# Pumilio



## mfsidore (Oct 10, 2012)

What skill level would you recommend for having pumilio? I'm far from it I know, but what do you think it would be? 5+ years 10+ years? What's your opinion?
Thanks everyone!


----------



## frogface (Feb 20, 2010)

I think you are not so far away from Pumilio. Do your homework. Read, read, read. They aren't difficult if you have their tank and food set up correctly for them. See how you are doing, with the frogs you have now, and maybe revisit the idea in 6 months or so, IMO.


----------



## mfsidore (Oct 10, 2012)

frogface said:


> I think you are not so far away from Pumilio. Do your homework. Read, read, read. They aren't difficult if you have their tank and food set up correctly for them. See how you are doing, with the frogs you have now, and maybe revisit the idea in 6 months or so, IMO.

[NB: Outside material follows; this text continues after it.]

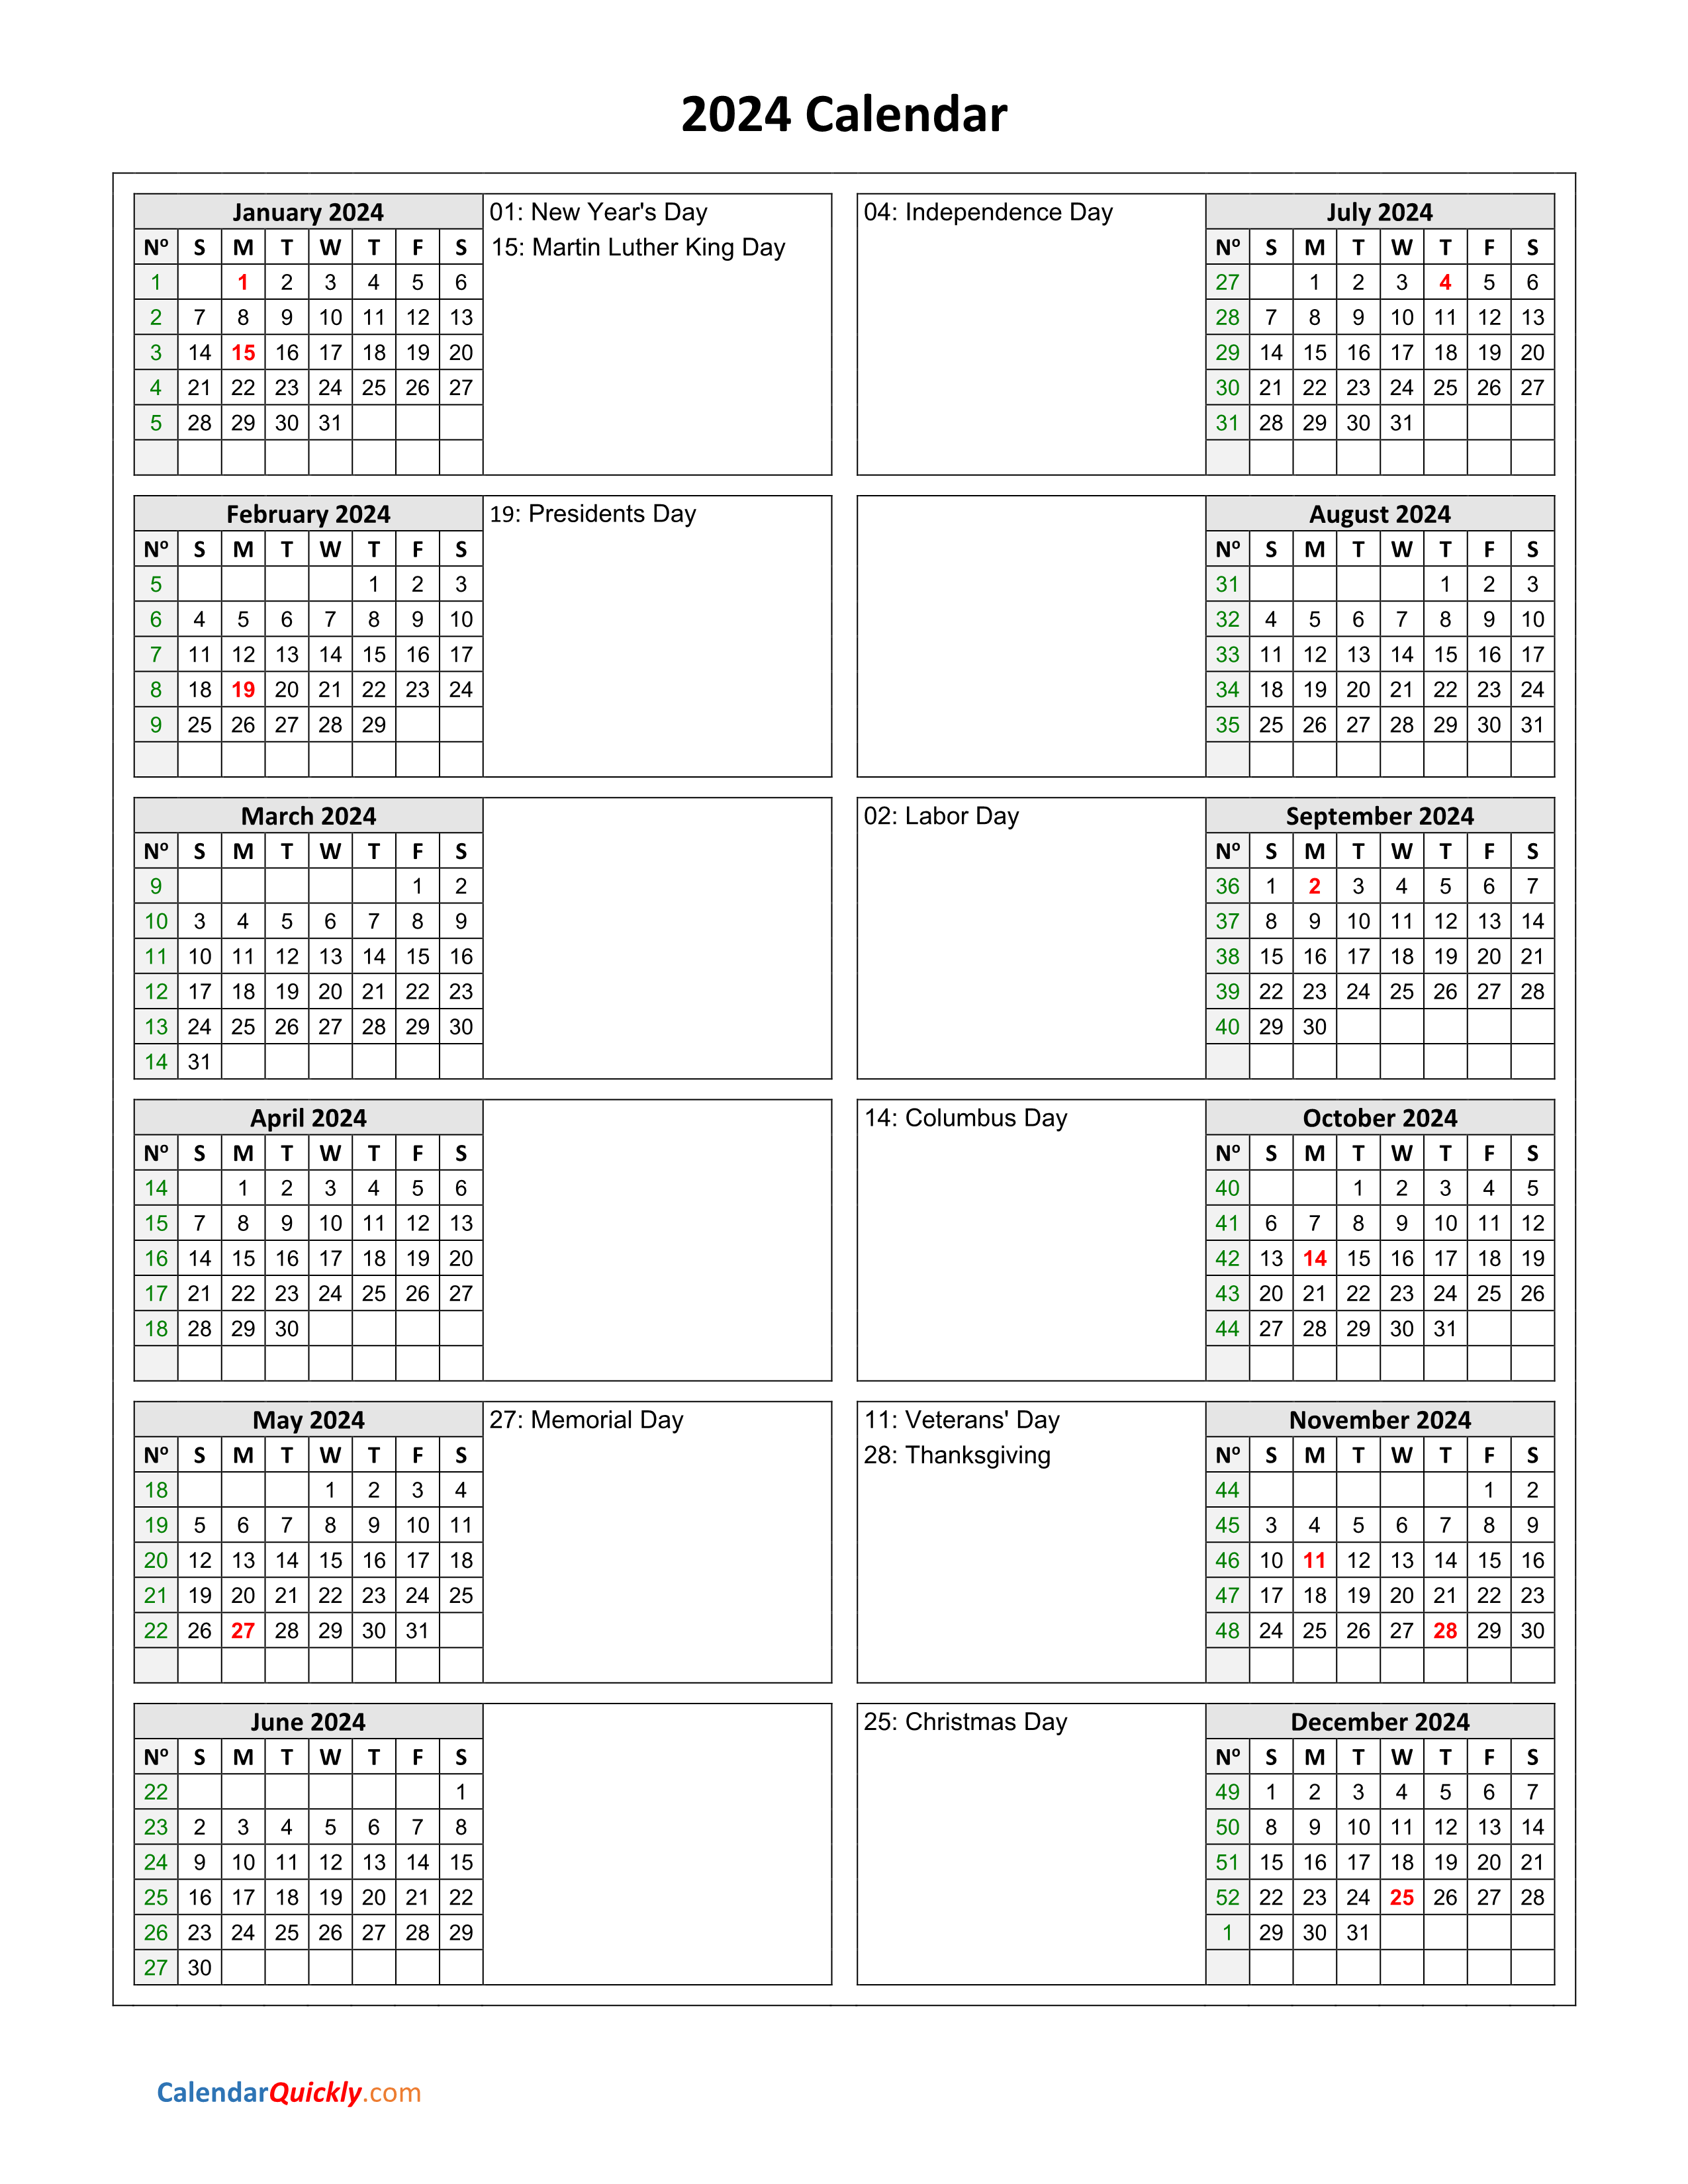 holidays-calendar-2024-vertical-calendar-quickly

Ok, I'm good with that, ... IMO?


----------



## mfsidore (Oct 10, 2012)

What does it man again?


----------



## frogface (Feb 20, 2010)

in my opinion


----------



## mfsidore (Oct 10, 2012)

I knew it!!! not really
Thanks Kris! ( I say that a lot don't i)
Mike


----------



## Nismo95 (Jul 30, 2011)

I don't think there is a specific time in hobby to shoot for.. just how much knowledge you feel like cramming into your head. I have been in the hobby for 2 years now. And I just got my first set of pums during xmas time. And I just recently got 2 more sets (pums being the majority of our collection now!!)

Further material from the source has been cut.